Task description: Output every line below exactly, please, omitting pictures.

Exercise data:
____________
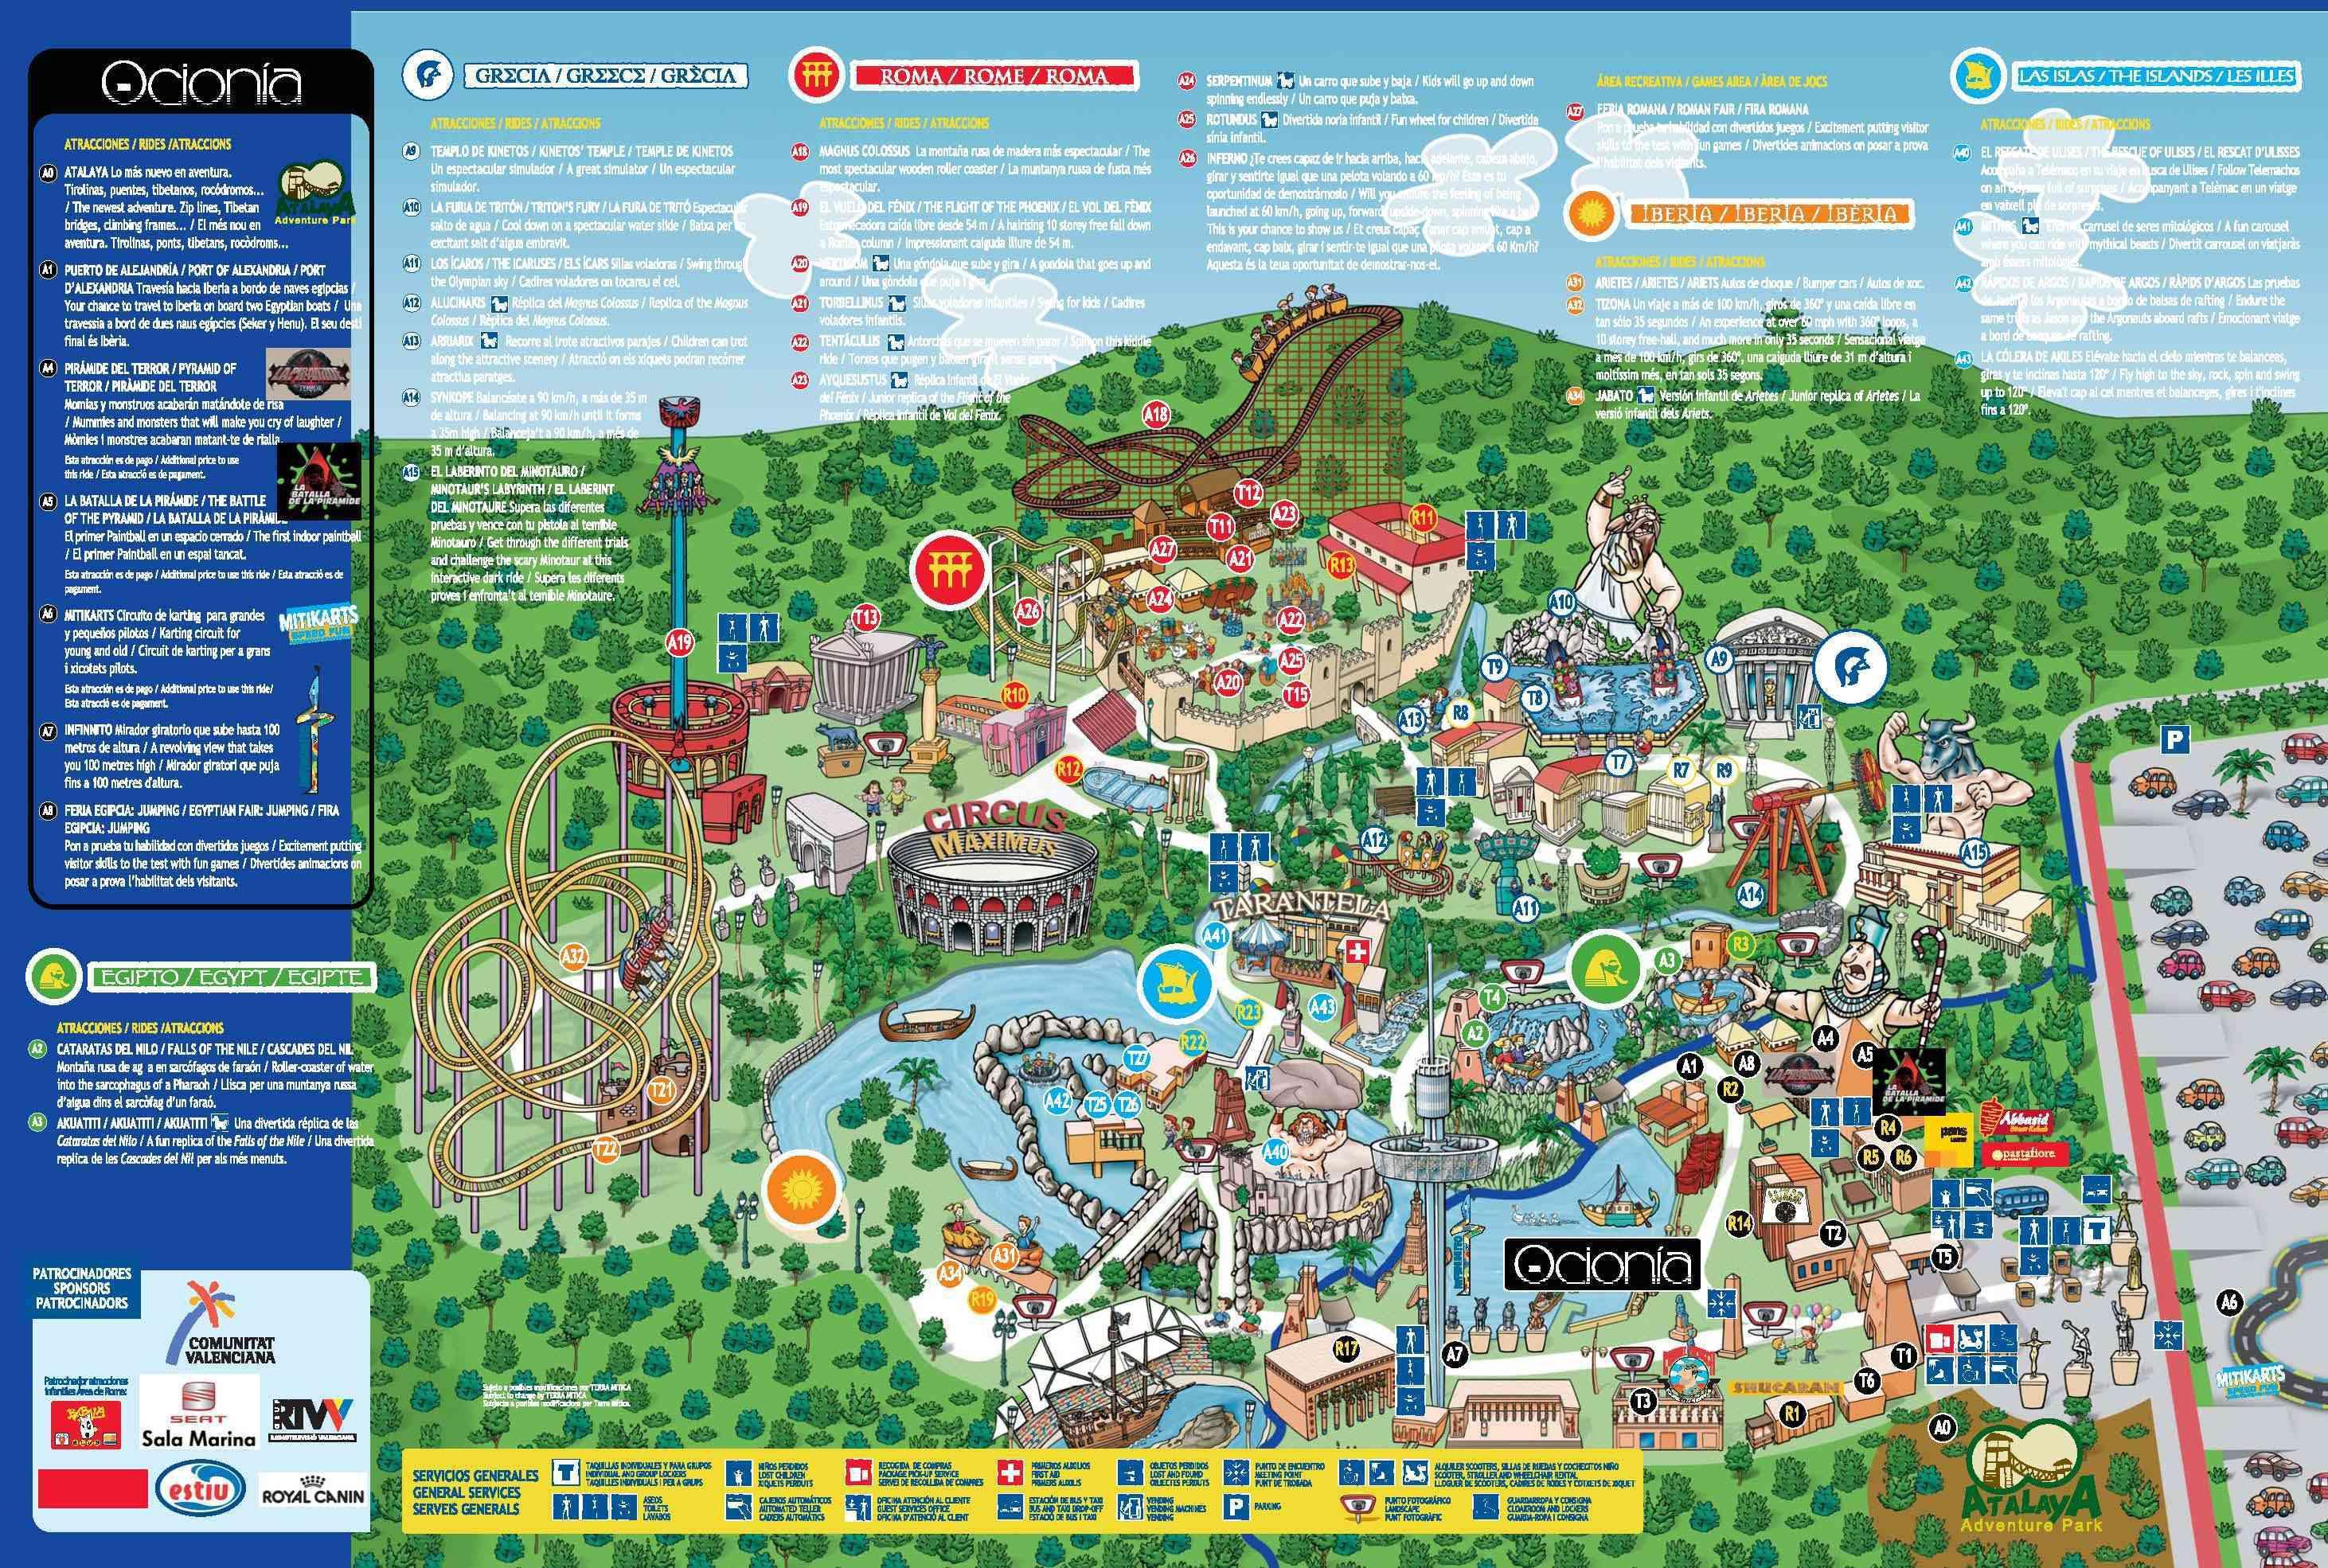 Terra Mitica Theme Park Benidorm Valencia Costa Blanca
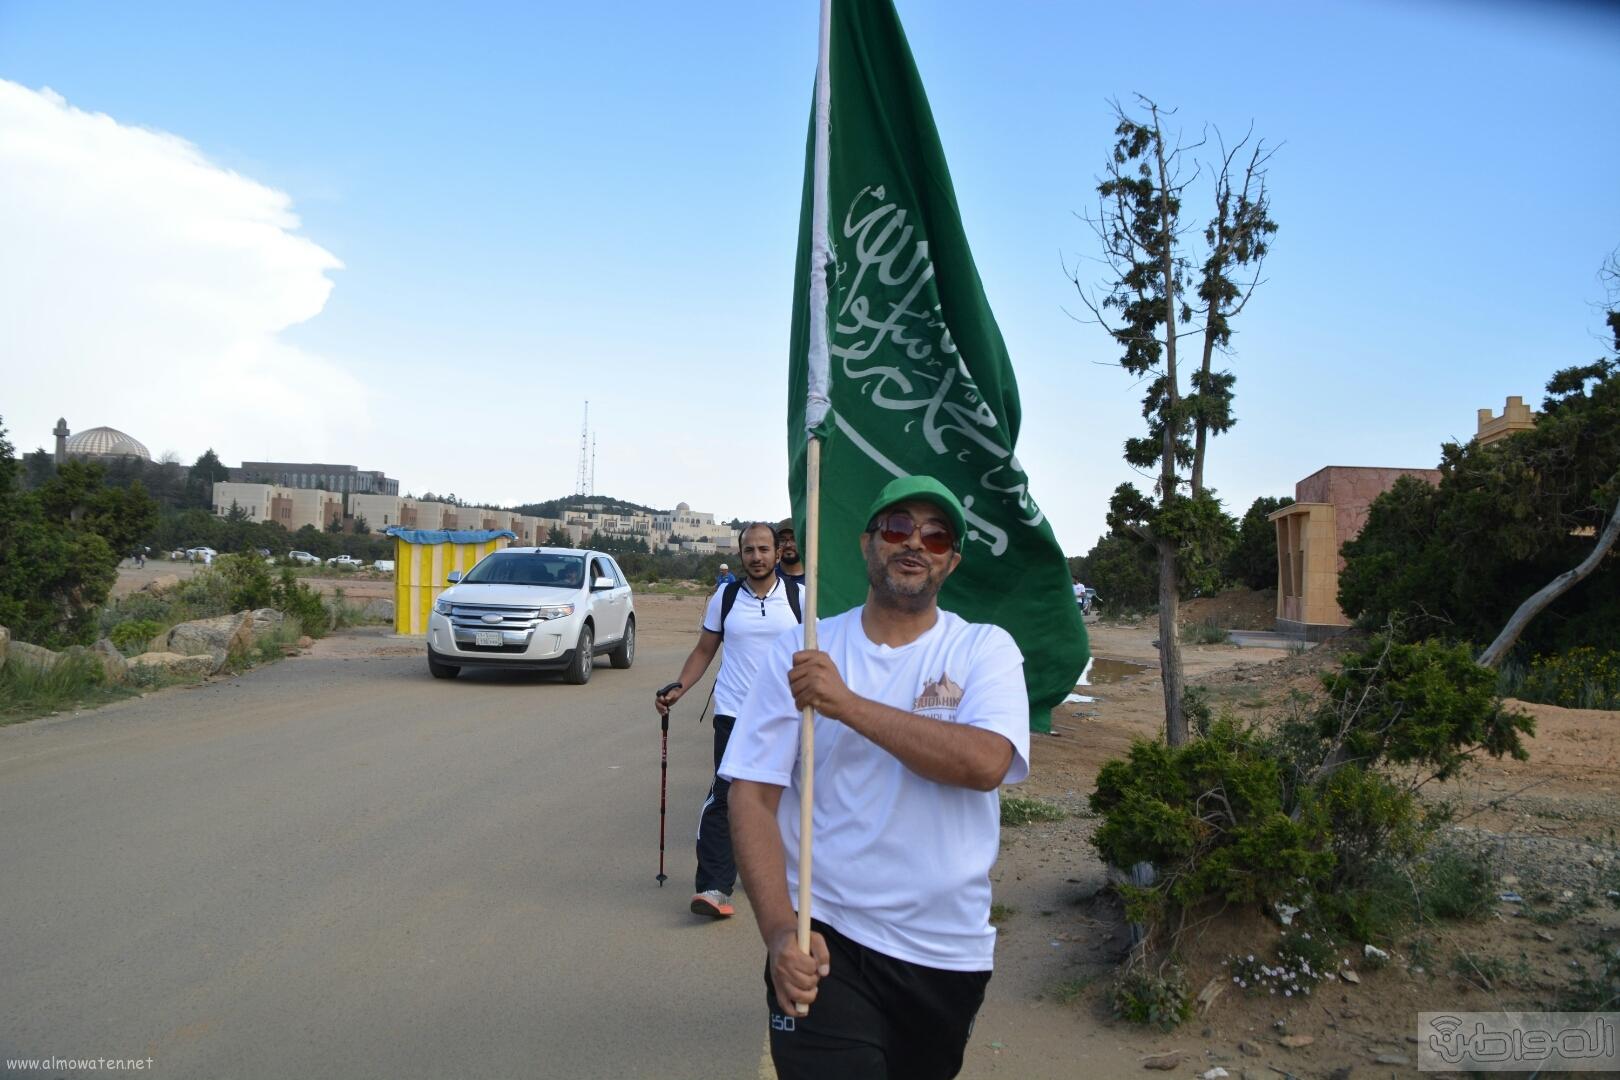 رفع علم السعودية في اعلى قمةعن طريق فريق هايكنج السعودية (1)
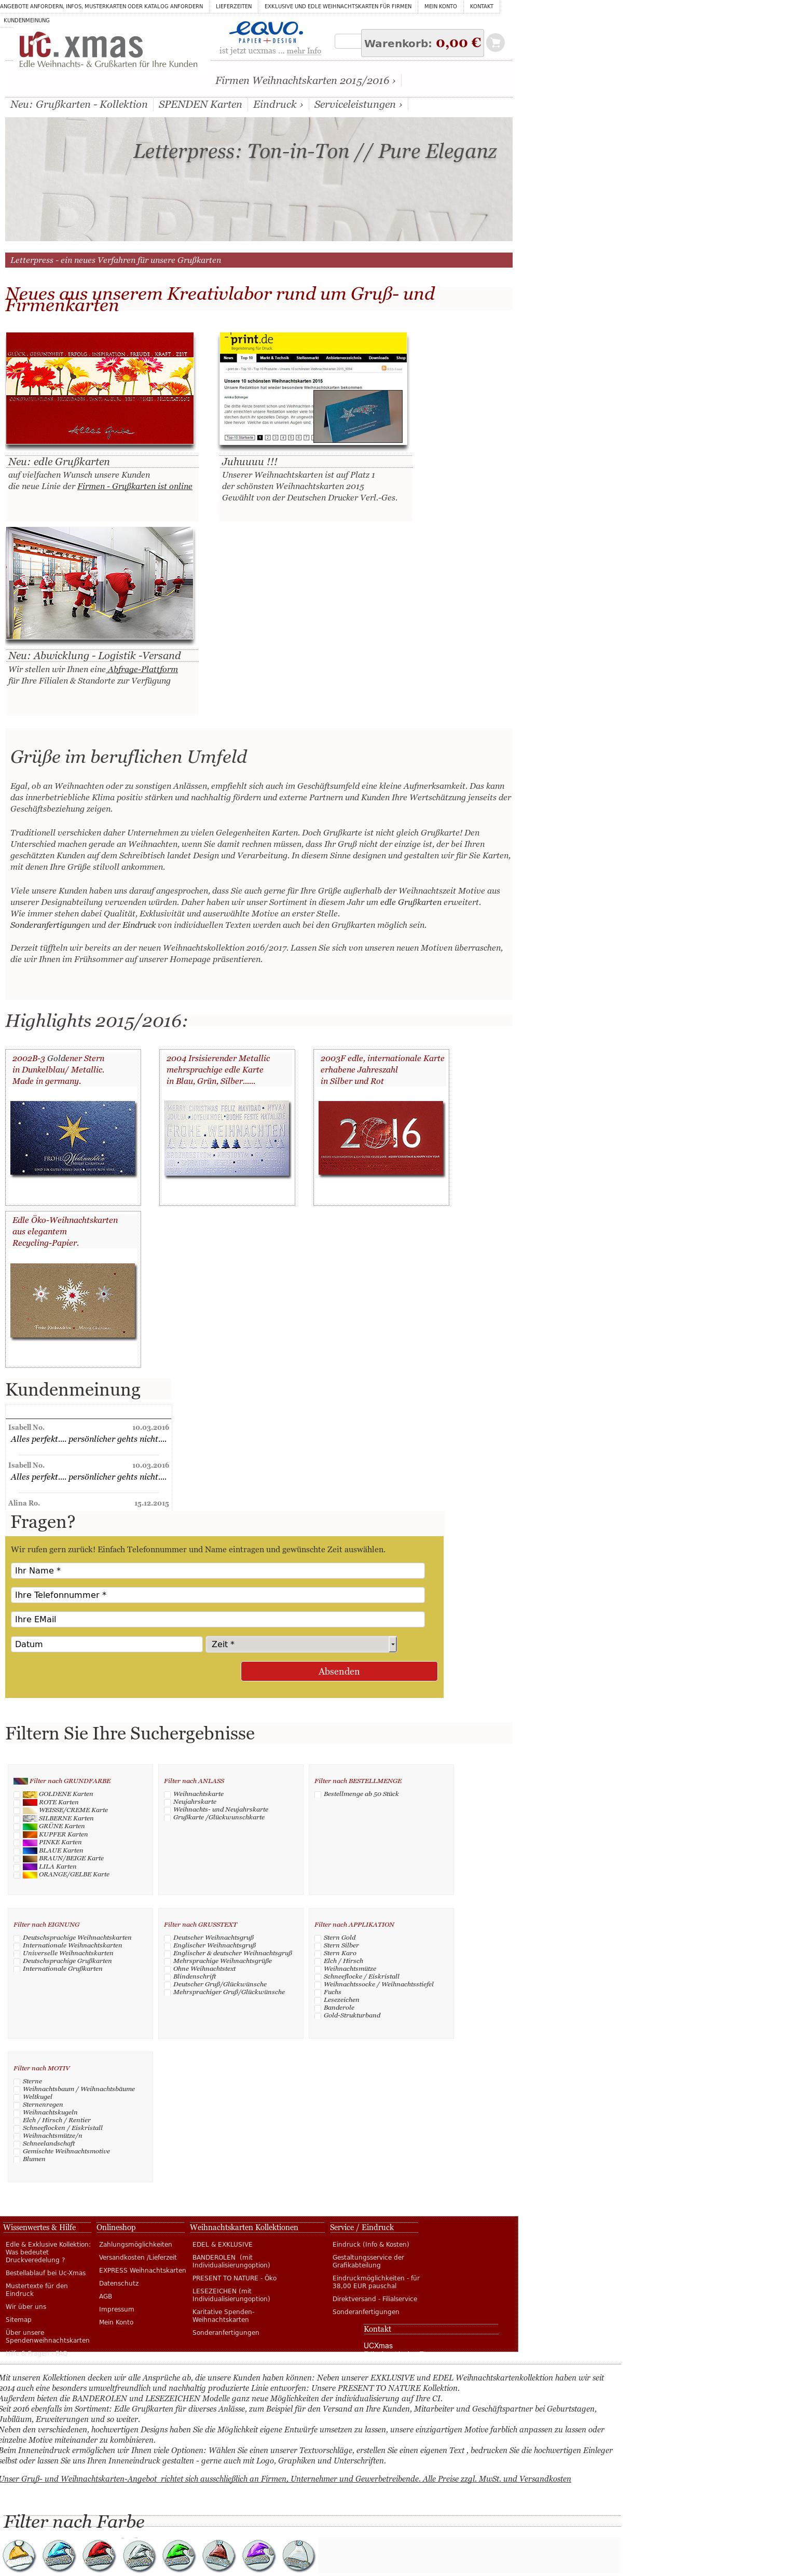 Weihnachtskarten Katalog.Weihnachtskarten Ucxmas Competitors Revenue And Employees Owler
____________
Answer space:
 Terra Mitica Theme Park Benidorm Valencia Costa Blanca
 رفع علم السعودية في اعلى قمةعن طريق فريق هايكنج السعودية (1)
 Weihnachtskarten Katalog.Weihnachtskarten Ucxmas Competitors Revenue And Employees Owler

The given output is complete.